Infer is a static analysis tool - if you give Infer some Java or C/C++/Objective-C code it produces a list of potential bugs. Anyone can use Infer to intercept critical bugs before they have shipped to users, and help prevent crashes or poor performance.

Start with the Getting Started guide and our other docs to download and try Infer yourself. Infer is still evolving, and we want to continue to develop it in the open. We hope it will be useful for other projects, so please try it out or contribute to it, join the community and give us feedback!

Getting started with Infer

Get Infer

You can use our binary releases, build infer from source, or use our Docker image.

Find our latest binary release here. Download the tarball then extract it anywhere on your system to start using infer. For example, this downloads infer in /opt on Linux (replace VERSION with the latest release, eg VERSION=1.0.0):

VERSION=0.XX.Y; \
curl -sSL "https://github.com/facebook/infer/releases/download/v$VERSION/infer-linux64-v$VERSION.tar.xz" \
| sudo tar -C /opt -xJ && \
sudo ln -s "/opt/infer-linux64-v$VERSION/bin/infer" /usr/local/bin/infer

If the binaries do not work for you, or if you would rather build infer from source, follow the install from source instructions to install Infer on your system.

Alternatively, use our Docker images.

Try Infer in your browser

Try Infer on a small example on Codeboard.

Hello, World

Follow the instructions in this page to try Infer on a few small examples. You should be able to see the bugs reported by Infer, fix the bugs and run Infer again to check that they are not reported anymore. This should give you a first idea of how Infer works. See the User Guide for more details about the use of Infer.

All these examples can be found in the infer/examples directory distributed with Infer.

Hello world Java

Here is a simple Java example to illustrate Infer at work.

// Hello.java
class Hello {
  int test() {
    String s = null;
    return s.length();
  }
}

To run Infer, type the following in your terminal from the same directory as Hello.java.

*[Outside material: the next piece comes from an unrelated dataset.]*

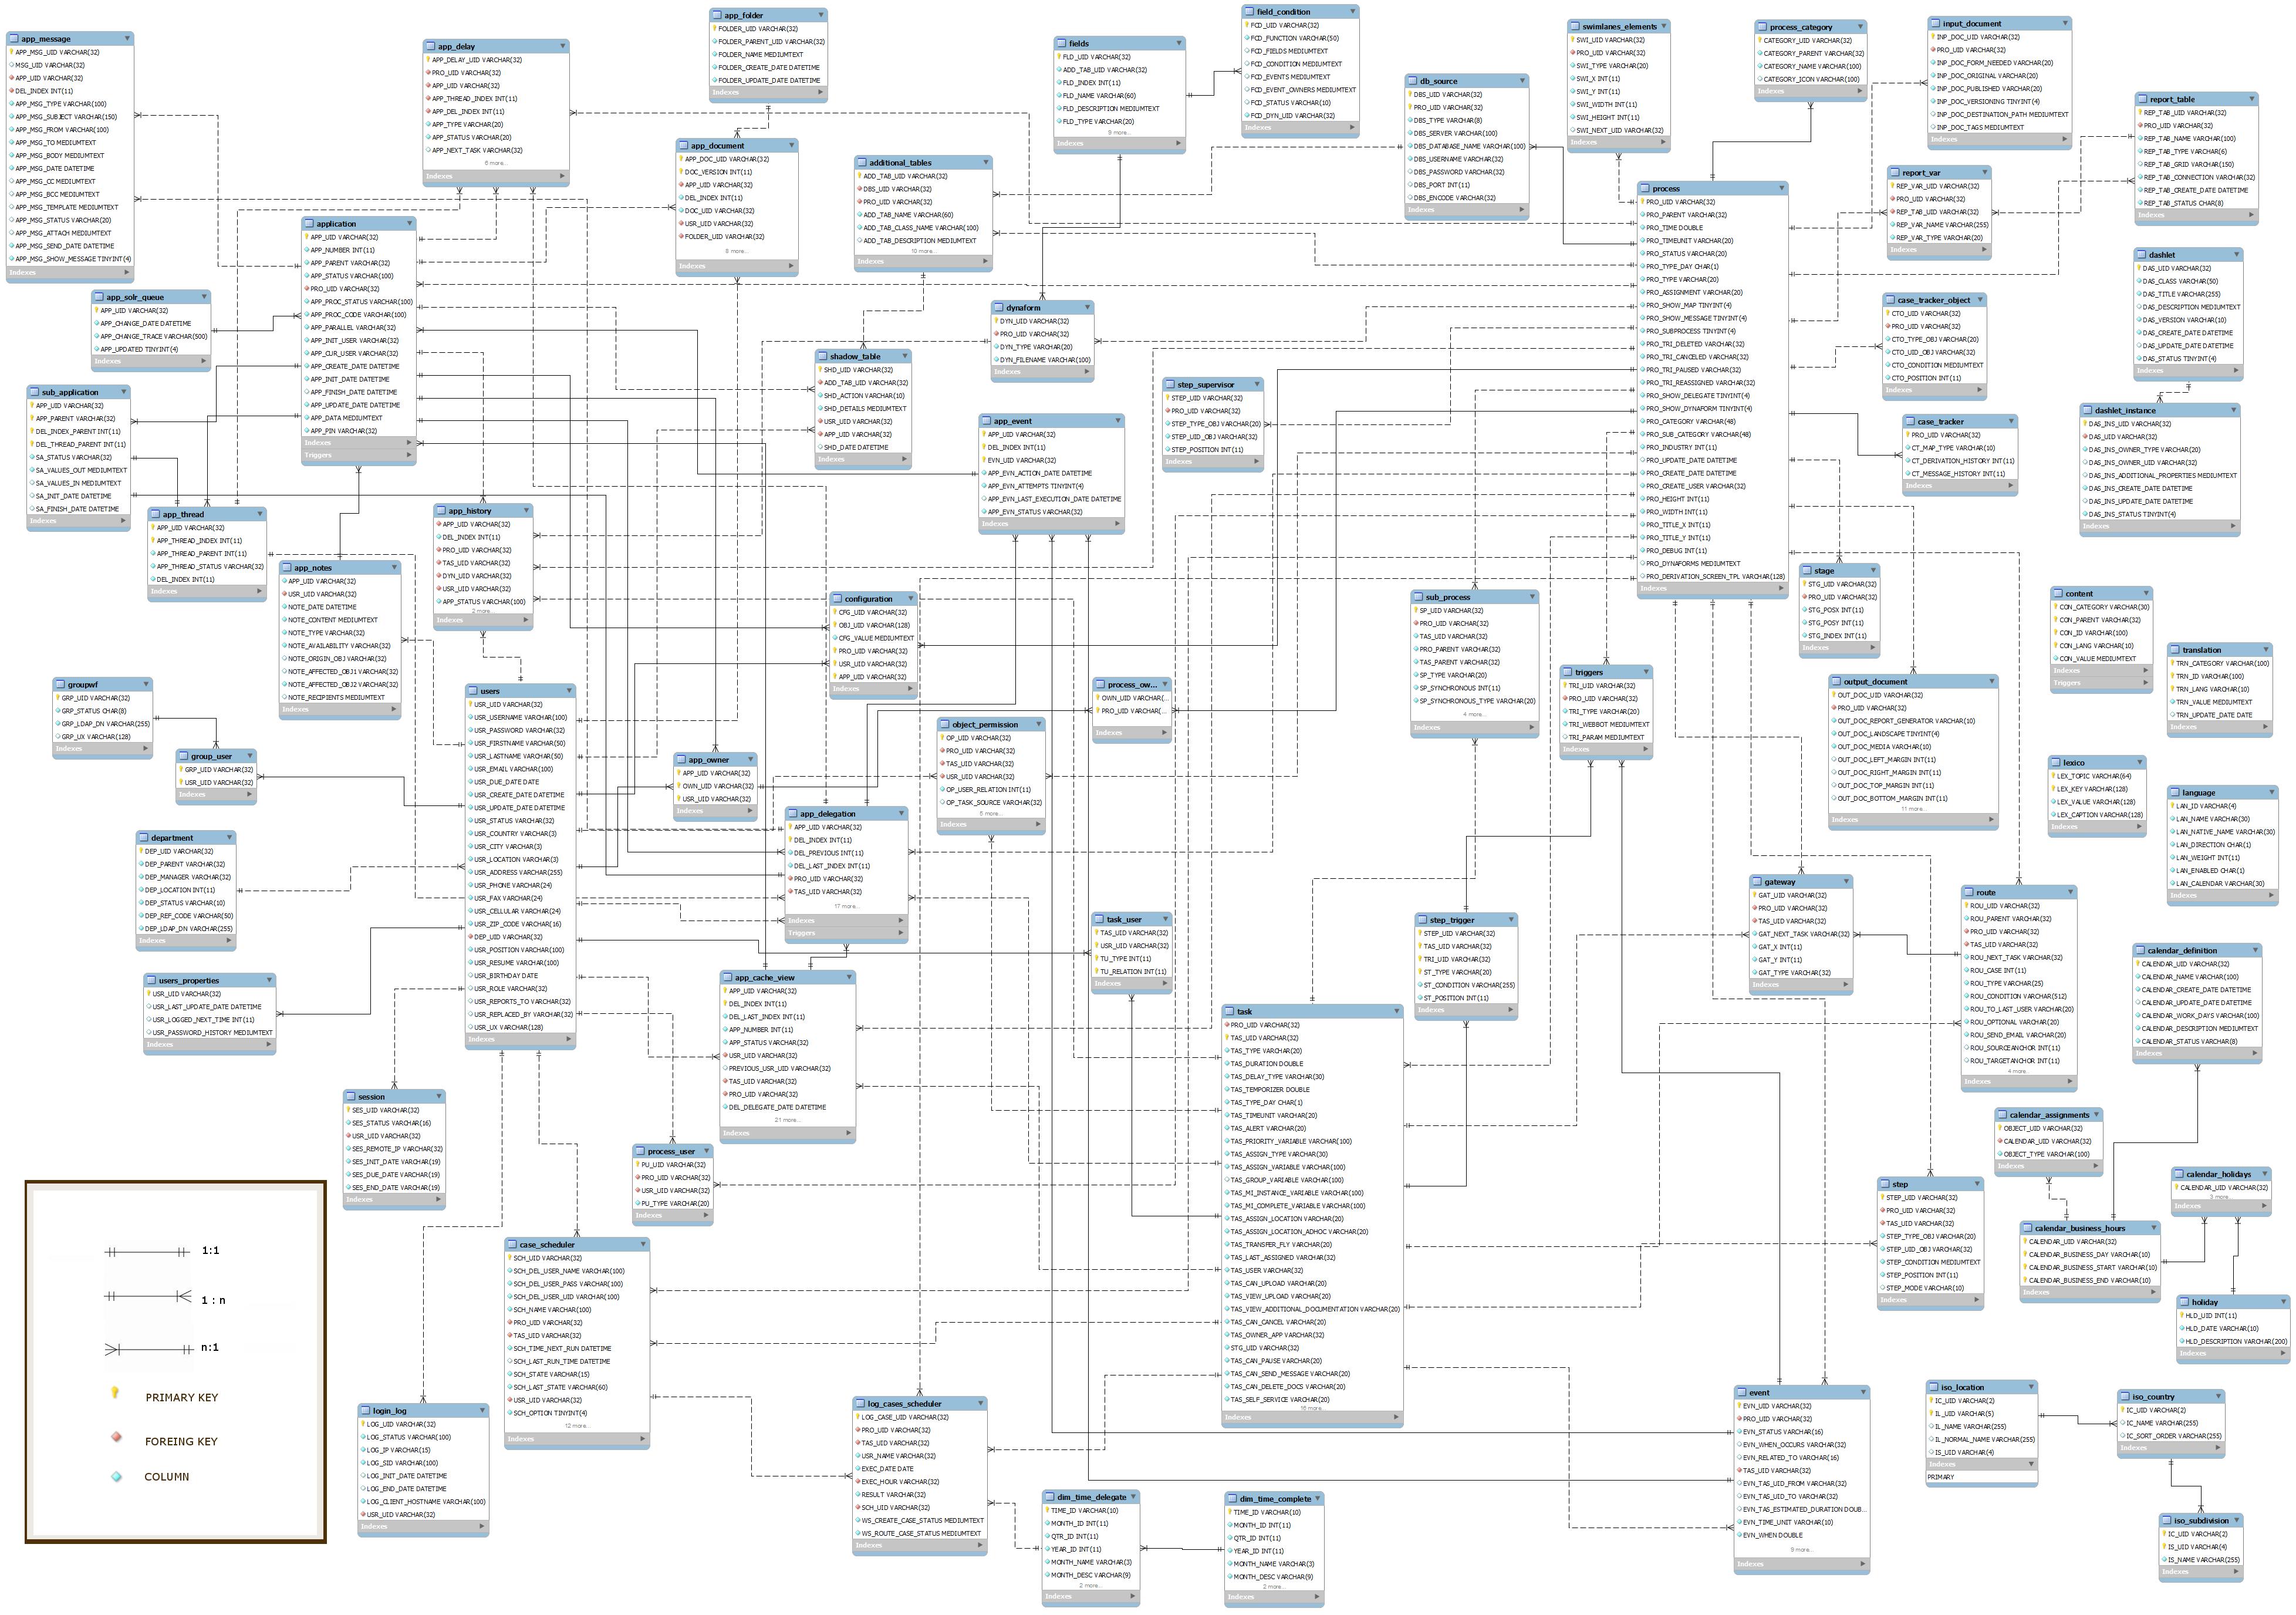 Processmaker E-R Diagram 2.0 And Later   Documentation with regard to Er Diagram For Facebook

infer run -- javac Hello.java

You should see the following error reported by Infer.

Hello.java:5: error: NULL_DEREFERENCE
  object s last assigned on line 4 could be null and is dereferenced at line 5

Now edit the file to add null checks:

  int test() {
    String s = null;
    return s == null ? 0 : s.length();
  }

Run Infer again. This time we get no error: Infer reports No issues found.

Hello world C

Here is a simple C example to illustrate Infer at work.

// hello.c
#include <stdlib.h>

void test() {
  int *s = NULL;
  *s = 42;
}

To run Infer, type the following in your terminal from the same directory as hello.c.

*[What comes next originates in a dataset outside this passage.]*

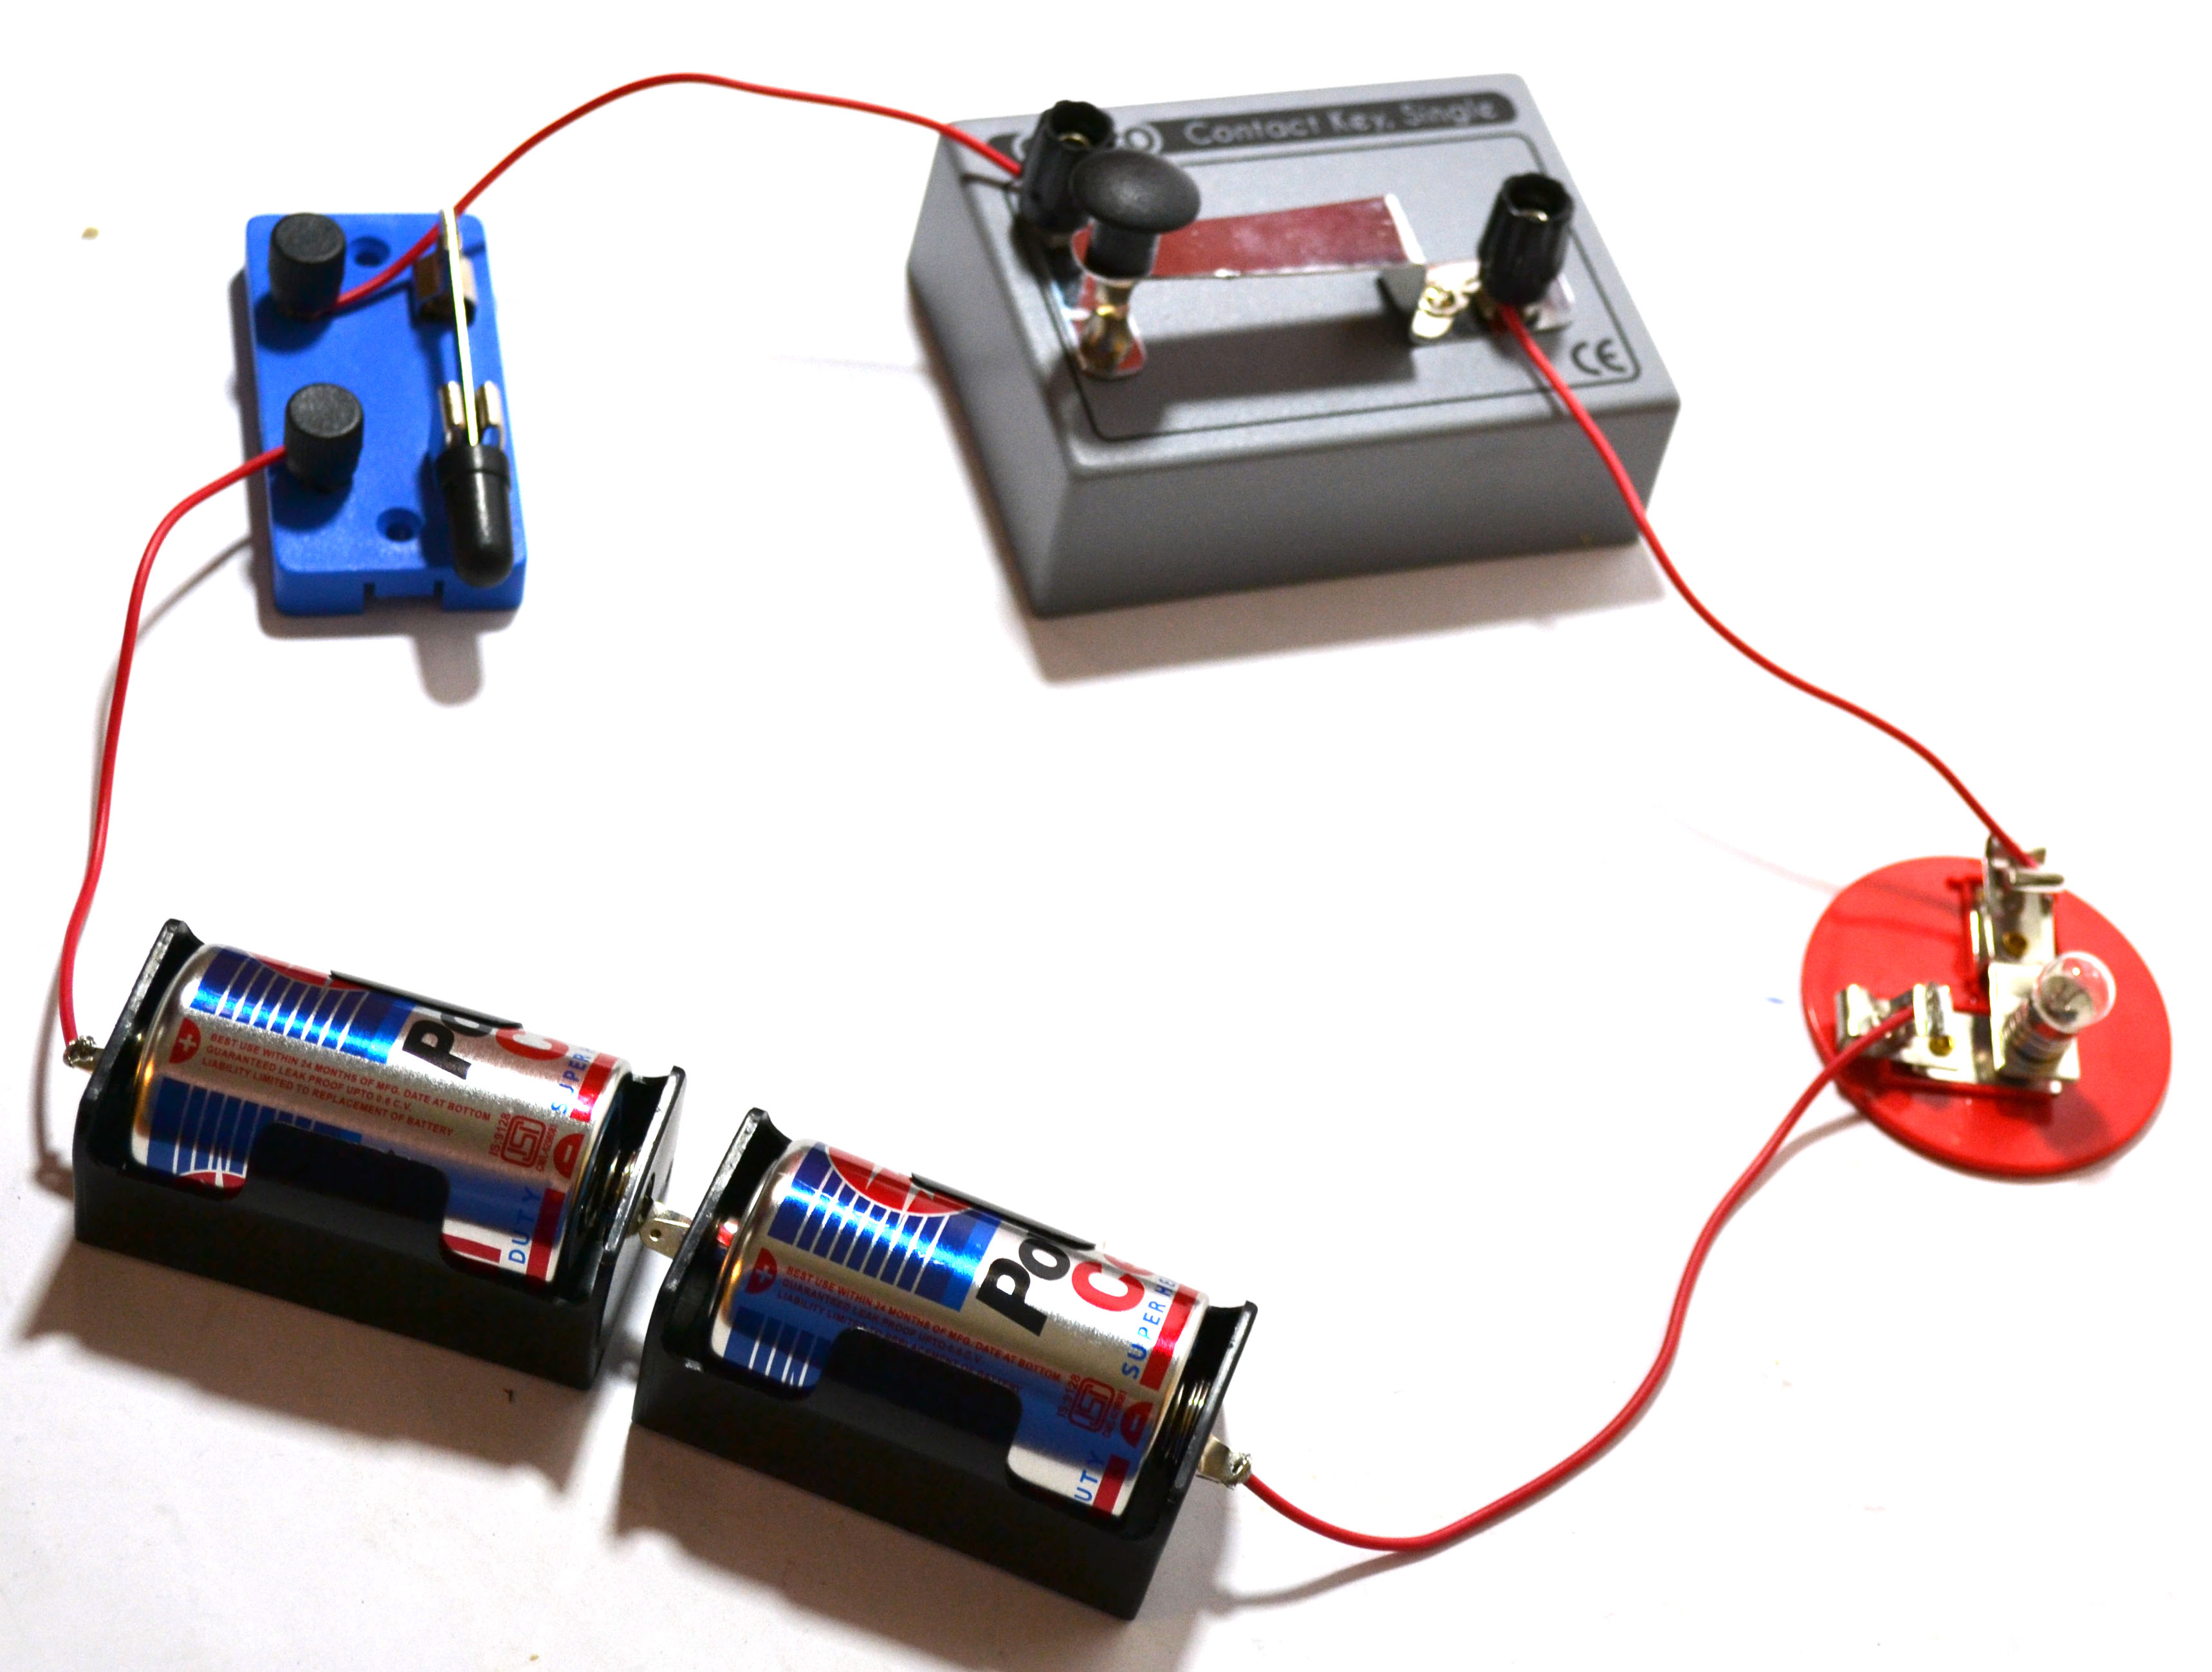 Eisco Basic Circuit Diy Kit Teaches Principles Of Circuitry And

infer run -- gcc -c hello.c

You should see the following error reported by Infer.

Now edit the file to add null checks:

void test() {
  int *s = NULL;
  if (s != NULL) {
    *s = 42;
  }
}

Run Infer again. This time we get no error.

When analyzing C files, Infer captures the gcc command and runs clang instead to parse them. Thus you may get compiler errors and warnings that differ from gcc’s. So in particular, the following two commands are equivalent:

infer run -- gcc -c hello.c
infer run -- clang -c hello.c

Infer workflow (Version: 1.2.0)

This page documents several ways of running Infer, that you can adapt to your own project.

TL; DR:

1. Make sure your project is clean when you first run Infer on it (with make clean, or gradle clean, or …).
2. When running Infer several times in a row, either clean your project as in step 1 in-between Infer runs, or add --reactive to the infer command.
3. These steps are not needed if you are not using an incremental build system, for instance if you are analyzing single files with infer run -- javac Hello.java.
4. After a successful Infer run, you can explore Infer’s reports in more details by running infer explore from the same directory.

The two phases of an Infer run

Regardless of the input language (Java, Objective-C, or C), there are two main phases in an Infer run:

1. The capture phase

Compilation commands are captured by Infer to translate the files to be analyzed into Infer’s own internal intermediate language.

This translation is similar to compilation, so Infer takes information from the compilation process to perform its own translation. This is why we call infer with a compilation command: infer run -- javac File.java or infer run -- clang -c file.c. What happens is that the files get compiled as usual, and they also get translated by Infer to be analyzed in the second phase. In particular, if no file gets compiled, also no file will be analyzed.

Infer stores the intermediate files in the results directory which by default is created in the folder where the infer command is invoked, and is called infer-out/. You can change the name of the results directory with the option -o, e.g.

infer run -o /tmp/out -- javac Test.java

You can run just the capture phase using the capture subcommand instead of the run subcommand:

infer capture -- javac Test.java

2. The analysis phase

In this phase, the files in infer-out/ are analyzed by Infer. Infer analyzes each function and method separately. If Infer encounters an error when analyzing a method or function, it stops there for that method or function, but will continue the analysis of other methods and functions. So, a possible workflow would be to run Infer` on your code, fix the errors generated, and run it again to find possibly more errors or to check that all the errors have been fixed.

The errors will be displayed in the standard output and also in a file infer-out/report.txt. We filter the bugs and show the ones that are most likely to be real.

Global (default) and differential workflows

By default, running Infer will delete the previous infer-out/ directory if it exists. This leads to a default workflow where the entire project is analyzed every time. Passing --reactive (or -r) to Infer prevents it from deleting infer-out/, leading to a differential workflow.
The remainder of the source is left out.